Magaziner has authored two books on business strategy and industrial policy: Minding America's Business and The Silent War. The former, co-authored with future Clinton Secretary of Labor Robert Reich, laid out a plan for US industrial policy in the late 1970s and early 1980s, and received critical acclaim. Emphasis was placed on eliminating subsidies for inefficient American industries, and applying fiscal and industrial policy strategies to stimulate growth in sectors for which the US had "cost-advantage." The Silent War, co-authored with Providence Journal columnist Mark Patinkin, tells the story of international business competition in the early 1990s, and Magaziner's experiences in dealing with different countries' relationships to their corporate base.

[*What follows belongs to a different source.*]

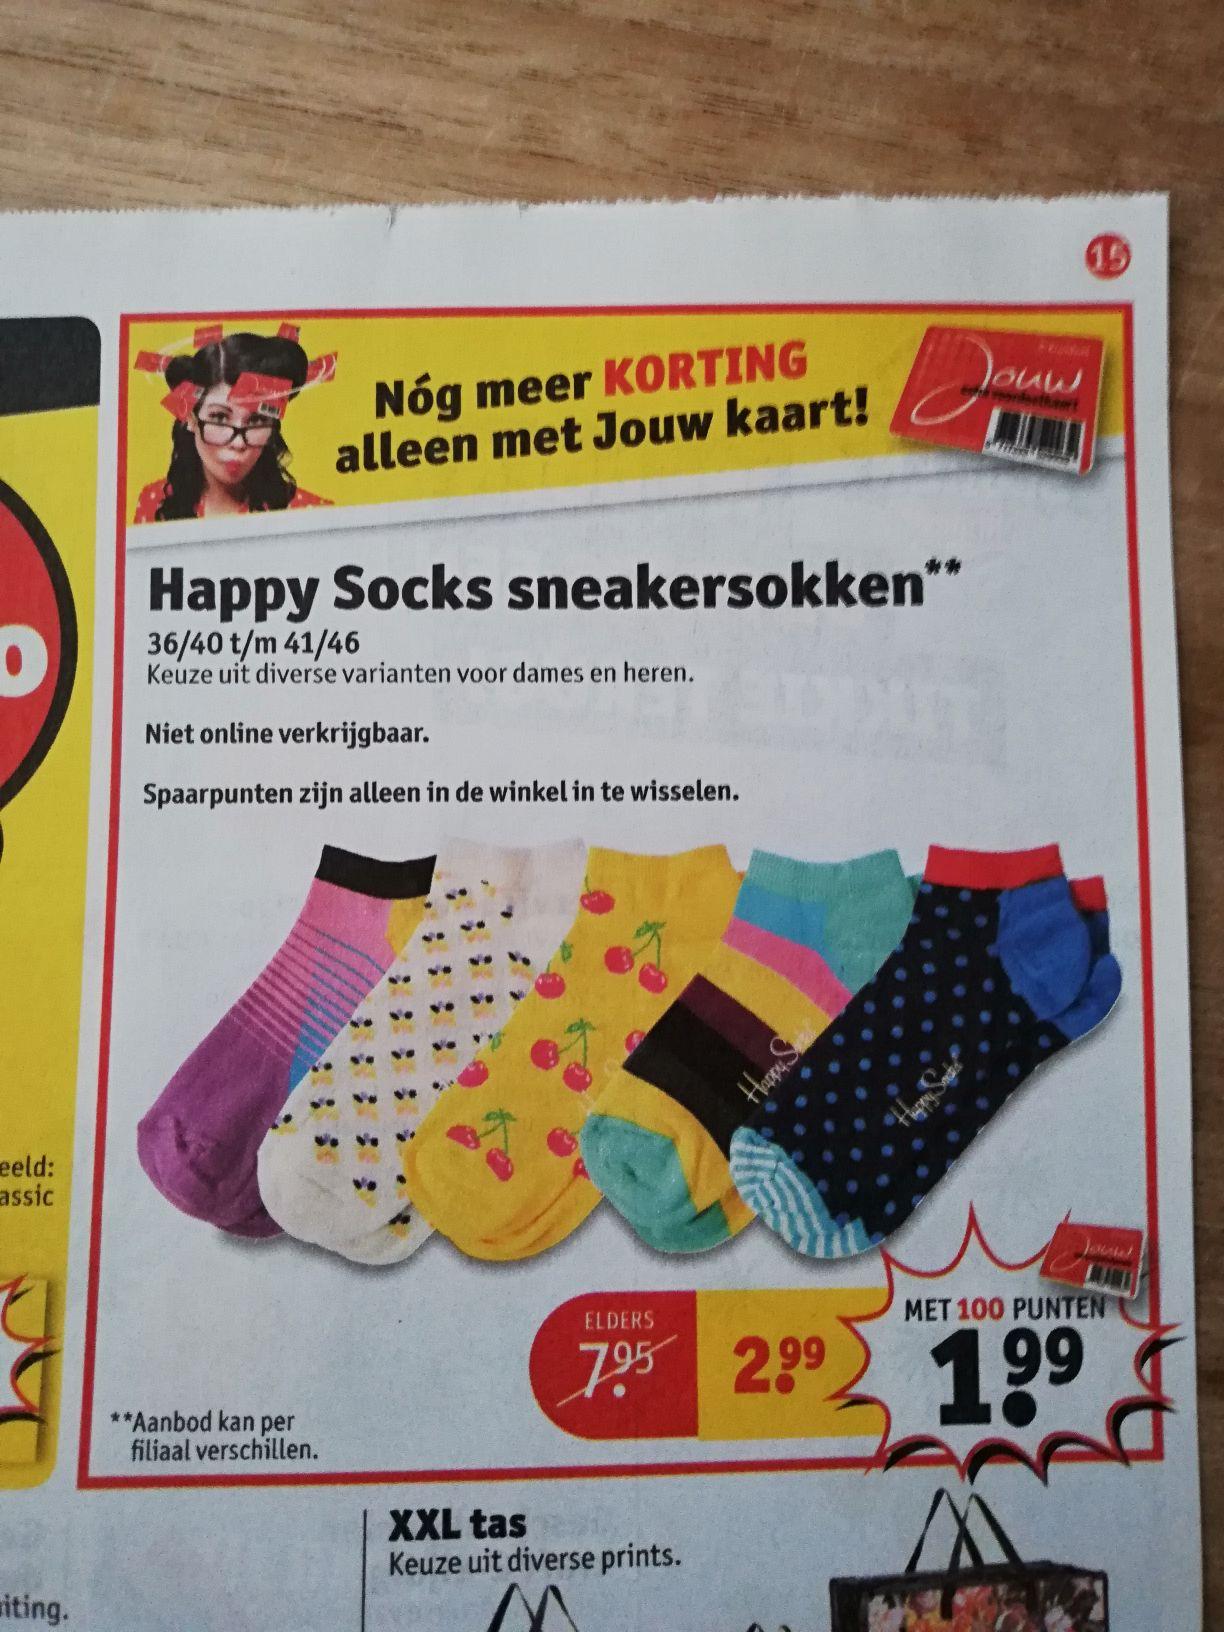 Kruidvat | Happy Socks lage sokken €2,99 ipv €7,95 zelfs €1,99 met 100 punten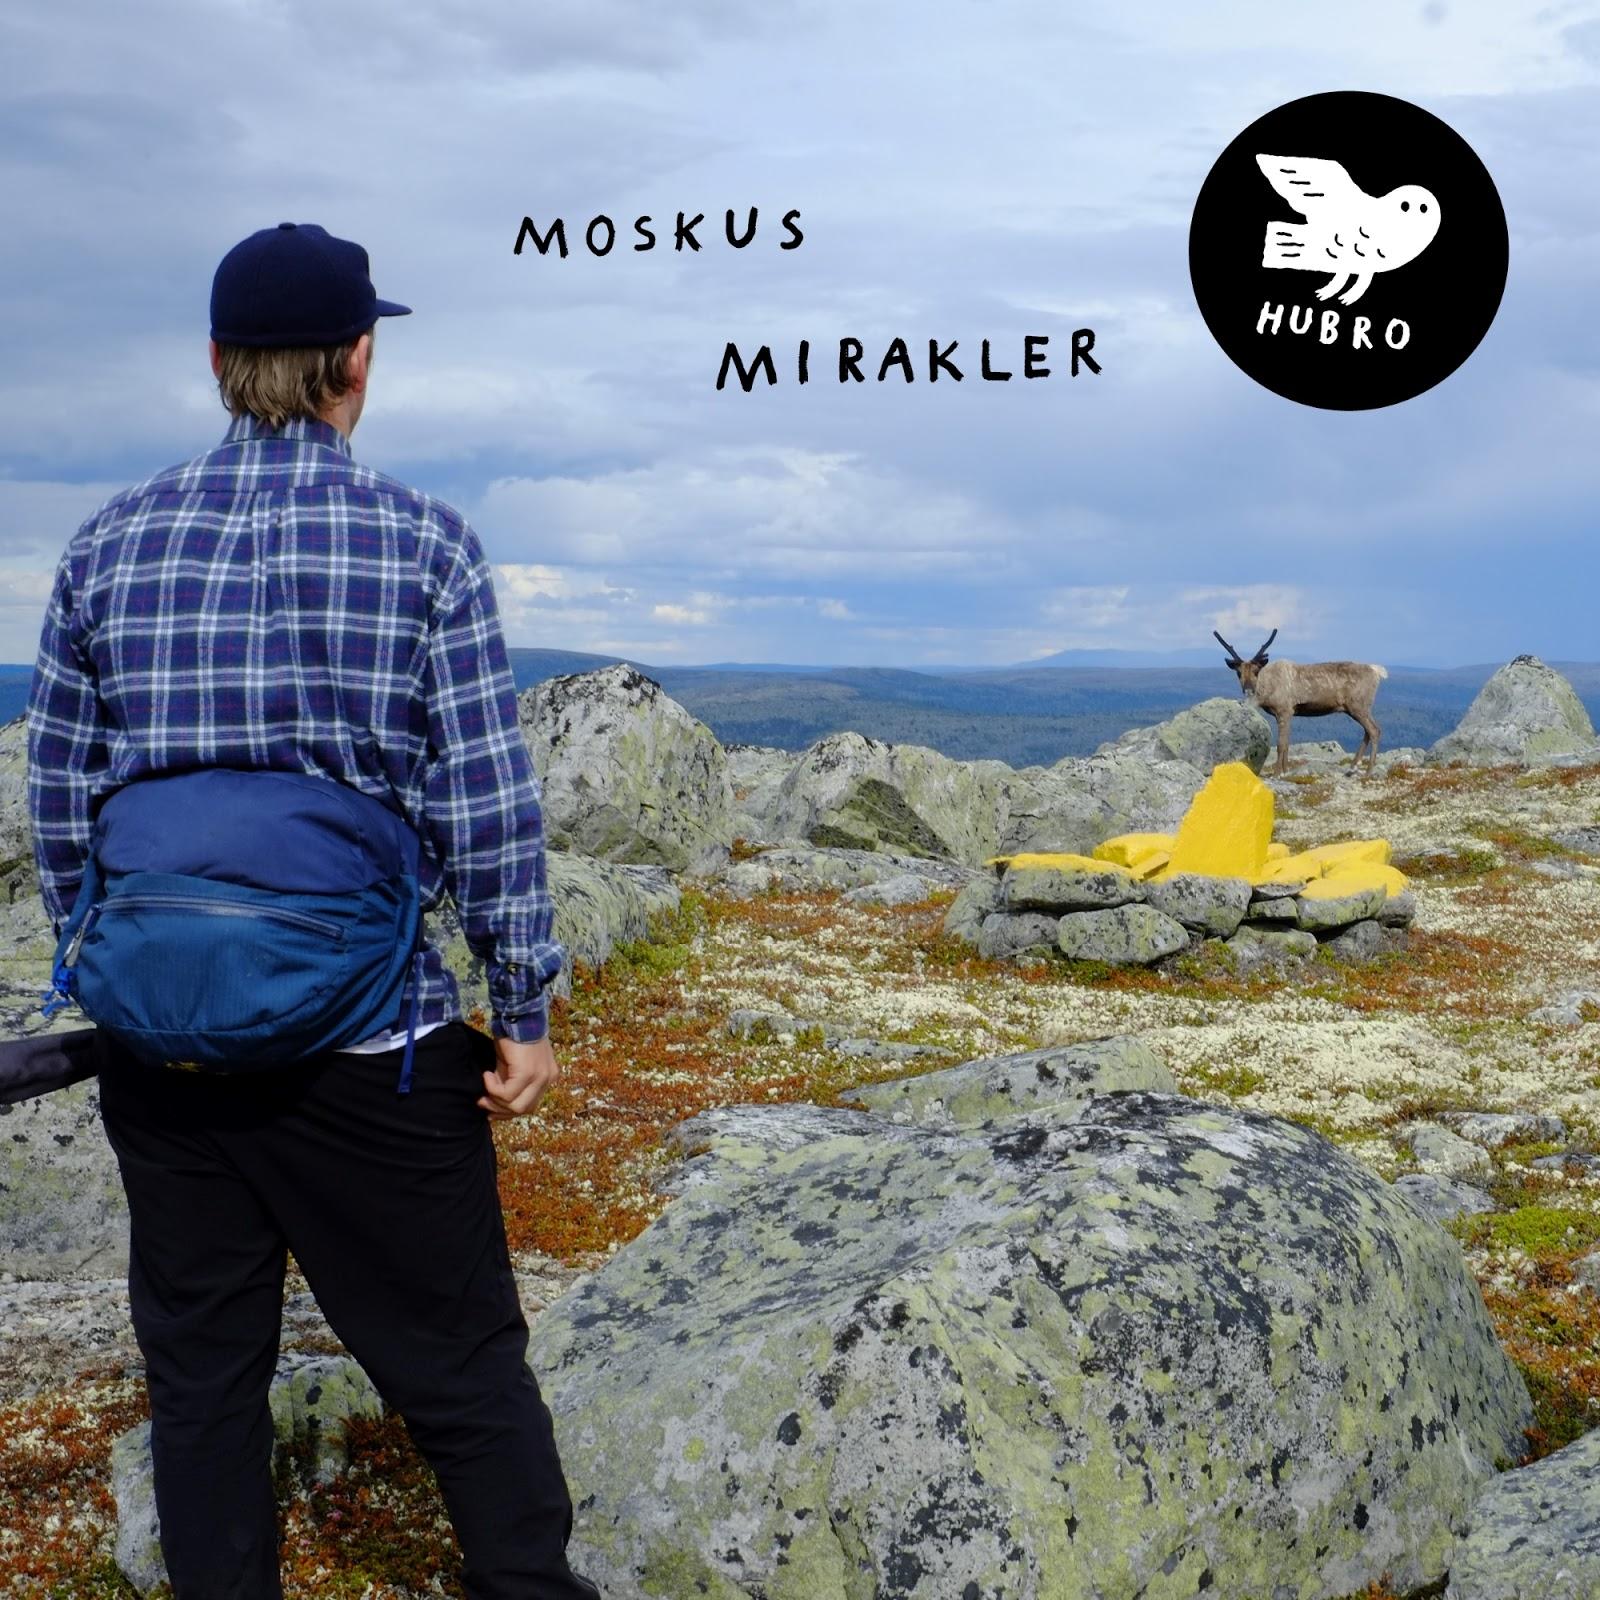 Bildresultat för Moskus Mirakler

=== Clinton Administration ===
Magaziner is best known for leading, along with Hillary Clinton, the failed Task Force to Reform Health Care in the early Clinton administration, which aimed to implement a managed competition regime for the health insurance industry, and to establish community rated insurance pools to cut costs for small businesses and the uninsured. The plan was widely criticized for being too complex. Pharmaceutical companies and health insurance companies waged a broad-based ad-campaign against the plan, which included the famous "Harry and Louise" ads. Despite the attacks by Republicans and industry associations, Magaziner did little to respond. People within the administration criticized Magaziner's blunt and domineering approach, attacking critics who disagreed instead of trying to build consensus.

Brad DeLong, Clinton's Deputy Treasury Secretary, argues that Magaziner's failures stemmed from having a background in management consulting instead of policy: "A management consultant's principal goal is to win a debate in front of his employer ... by making intellectual arguments, controlling the flow of information..., [and] walling-off potential adversaries from the process ... You develop a policy by forming a large coalition ... Then you have a large group of people who are enthusiastic about the proposal: they will go out and make your arguments for you."

Magaziner was court ordered to pay $285,864 to the Association of American Physicians and Surgeons, in 1997 by a federal judge for alleged cover up of whether the Task Force to Reform Health Care hired non-governmental employees and therefore had to release documents from their strategic deliberations upon public request. Magaziner was subsequently cleared of all allegations and the fine was overturned by unanimous decision of the United States Court of Appeals on August 25, 1999.

Magaziner stayed in the administration and worked to develop an E-Commerce policy initiative with OSTP staff and industry advisors. That initiative evolved to include a facilitative role in the formation of the Internet Corporation for Assigned Names and Numbers to assume Internet administrative activities previously maintained by the US DARPA.

=== Clinton Health Access Initiative ===
Since 2002, Magaziner is the chief executive officer and vice chairman of the Clinton Health Access Initiative (CHAI), which works to save lives in low and middle income countries by helping people gain access to essential medicines and health services.

== Personal life ==
Magaziner lives in Bristol, Rhode Island, with his wife Suzanne. They have three children, including Seth Magaziner, who has served as the U.S. representative for Rhode Island's 2nd congressional district since January 2023.

Magaziner repeatedly flew on Jeffrey Epstein's jets and his personal phone number and private email were in Epstein's "black book."